Anda di halaman 1dari 3

COVID-19, Resesi Ekonomi dan Urgensi Kebersamaan

Ketika bencana kemanusiaan akibat pandemi global virus Corona belum lagi
berakhir, Indonesia dan komunitas global telah dihadang resesi ekonomi. Bencana
beruntun yang tak terelakan ini akan bisa dilalui jika semua elemen masyarakat
Indonesia lebih mengedepankan kehendak baik menjaga kondusifitas. Sebab,
kondusifitas menjadi kata kunci yang memampukan bangsa ini mengelola rangkaian
masalah akibat wabah Virus Corona dan resesi ekonomi.

Pandemi global Virus Corona membuat segala kerusakan, termasuk di sektor


ekonomi, menjadi predictable, bahkan langsung dirasakan oleh semua orang. Si
kaya maupun orang miskin, yang lemah maupun orang kuat, semua merasakan
ketidaknyamanan karena kerusakan di sana-sini. Kini, warga planet ini pun tak bisa
mengelak ketika perekonomian dirundung masalah teramat serius.
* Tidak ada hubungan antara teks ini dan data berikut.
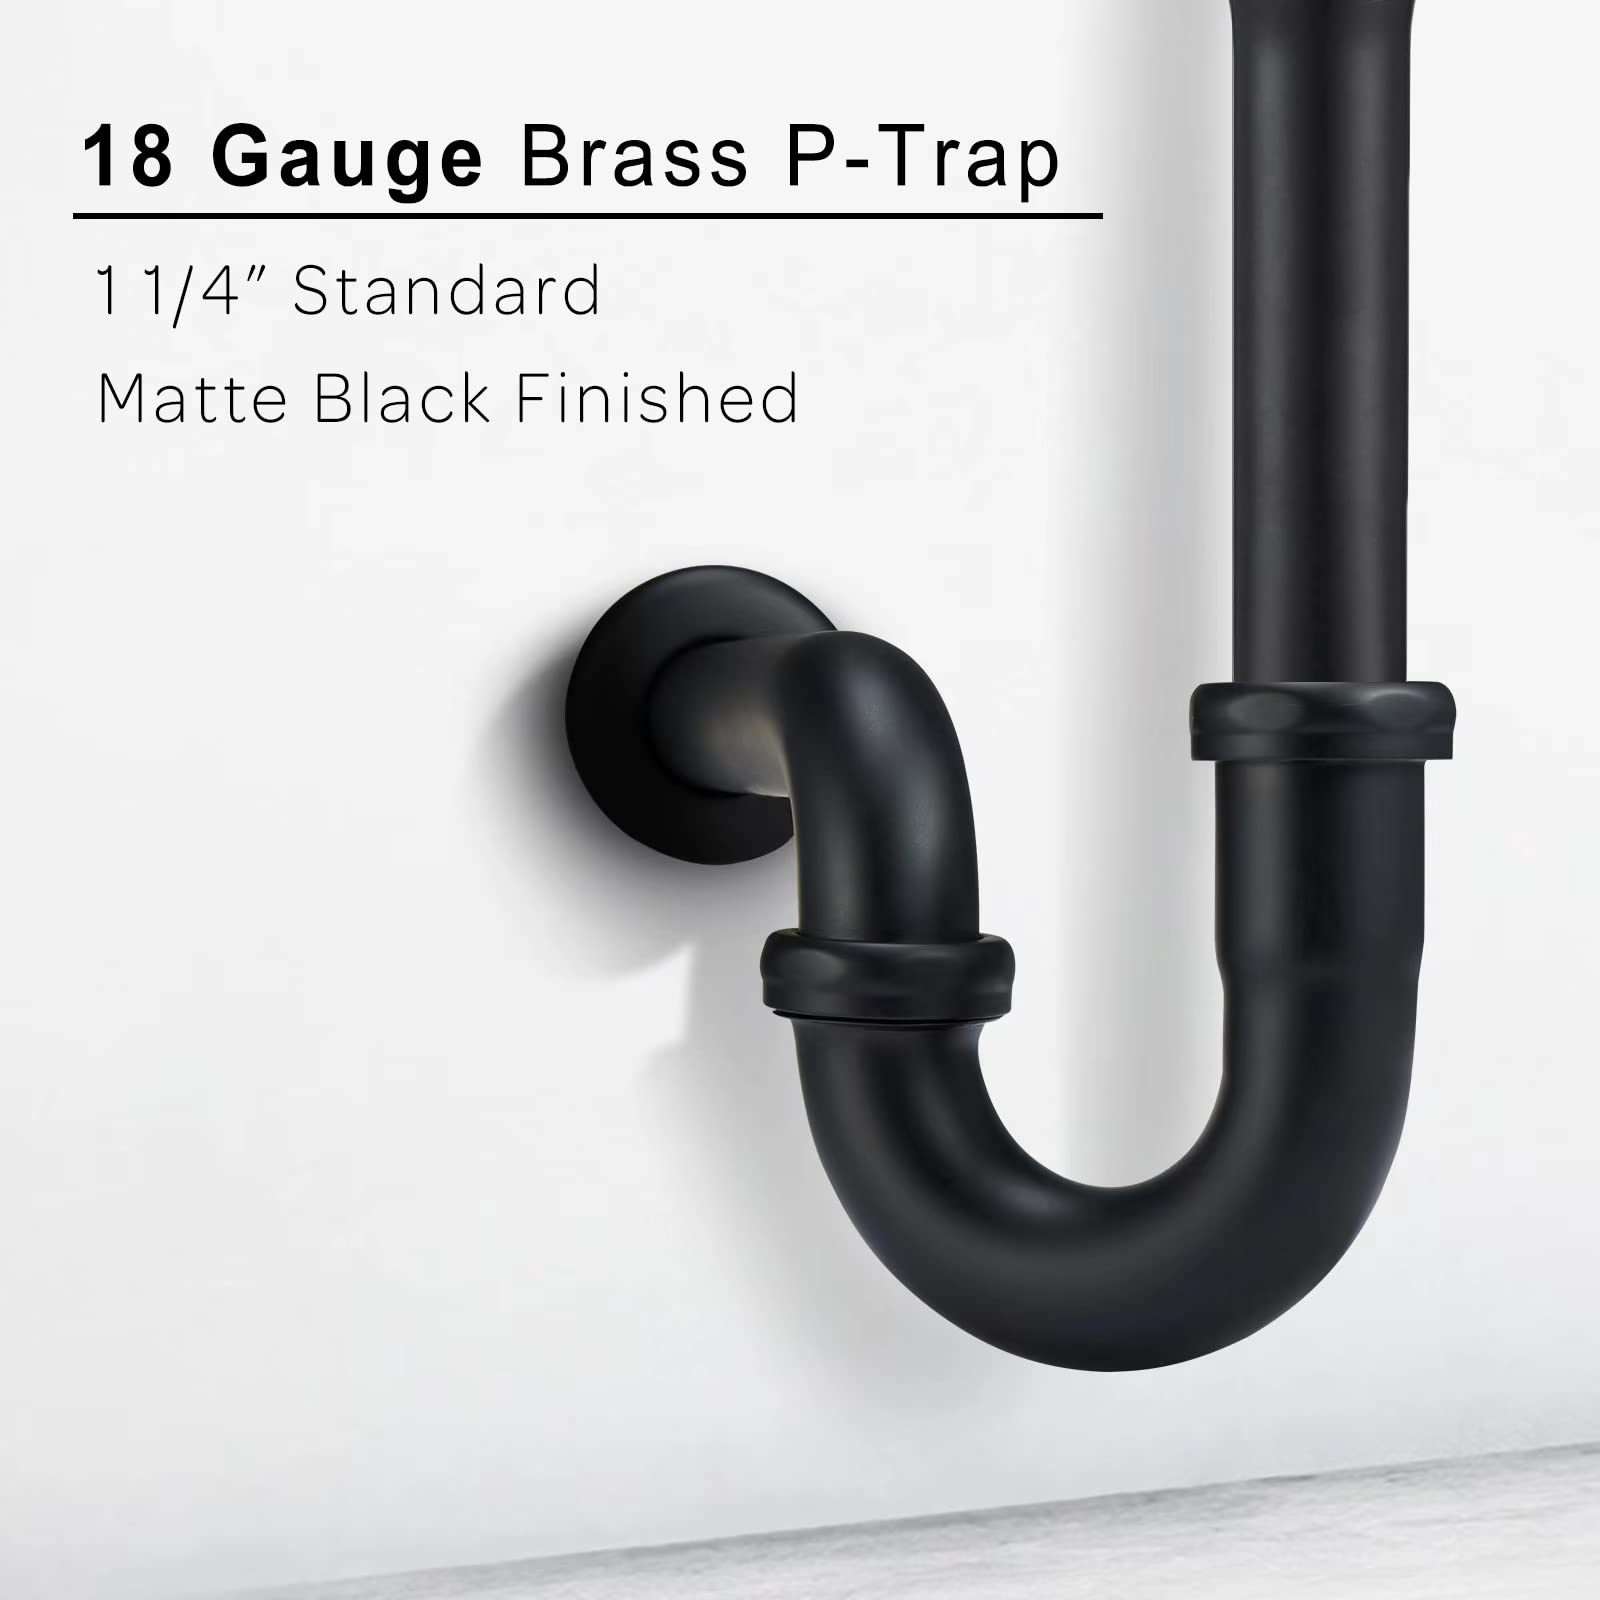 18 Gauge Solid Brass P-Trap 1 1/4” OD, Heavy Duty Brass Tubular J Bend Pipe Connector, Decorative Bathroom Basin Sink Waste Trap Drain Kit with Flange and Gasket Washers, Matte Black

Jumat (27/3) pekan lalu, IMF kembali menegaskan bahwa perekonomian global
sudah memasuki tahap resesi. Sebab, seperti halnya di Indonesia, hampir semua
negara menghentikan sebagian aktivitas perekonomian. Mudah untuk disimpulkan
bahwa sebagai akibatnya adalah terjadinya kerusakan pada sejumlah sektor dan
sub-sektor ekonomi. Sebagai bagian tak terpisah dari perekonomian dunia,
Indonesia pasti merasakan dan menerima dampak dari kerusakan itu.

Untuk kecenderungan di Indonesia, Menteri Keuangan Sri Mulyani pun


mengonfirmasi gambaran dari dari IMF itu. Dalam rapat kerja dengan Komisi XI
DPR, Senin (6/4), Menkeu mengemukakan, akibat wabah corona, skenario terburuk
perekonomian nasional hanya bisa tumbuh 2,3% dari prediksi awal tahun 2020 yang
5%. Baik investasi maupun ekspor tumbuh negatif. Pada kuartal IV nanti, situasinya
diharapkan membaik. Ketika investasi dan ekspor tumbuh negatif, motor penggerak
pertumbuhan yang masih bisa diandalkan adalah konsumsi dalam negeri. Maka,
dalam beberapa waktu ke depan, pemerintah diharapkan menerapkan kebijakan
yang mendorong penguatan konsumsi, baik konsumsi masyarakat maupun
konsumsi pemerintah sendiri.

Terkait resesi ekonomi, Indonesia memang tidak boleh hanya menunggu. Sambil
tetap berfokus pada kerja merespons dampak wabah Virus Corona, kepedulian
bersama dan respons bersama pada resesi ekonomi pun harus dimulai. Kalau
selama ini hanya pemerintah lewat Menkeu Sri Mulyani yang menyuarakan
kecemasan, kini semua dipanggil untuk peduli. Sebab, negara dan bangsa ini harus
menemukan jalan keluar yang bisa meminimalisir ekses resesi ekonomi. Negara-
negara dengan perekonomian yang maju dan kuat sudah coba merespons resesi.
Amerika Serikat (AS) dan Tiongkok, misalnya, sudah berinisiatif dengan beberapa
paket kebijakan stimulus ekonomi.

Indonesia pun sudah menempuh inisiatif yang sama. Pemerintah berencana


menerbitkan obligasi khusus, yang hasilnya akan disalurkan untuk membantu pelaku
Usaha Mikro, Kecil, dan Menengah (UMKM) agar tetap mampu bertahan dan
menciptakan lapangan kerja. Selain itu, Presiden Joko Widodo berjanji
menyelenggarakan program padat karya tunai untuk memberi penghasilan
sementara bagi pekerja harian yang kehilangan pendapatan akibat pandemi COVID-
19. Akan ada beragam program padat karya, termasuk memproduksi masker,
disinfektan, dan berbagai keperluan untuk menangani wabah COVID-19.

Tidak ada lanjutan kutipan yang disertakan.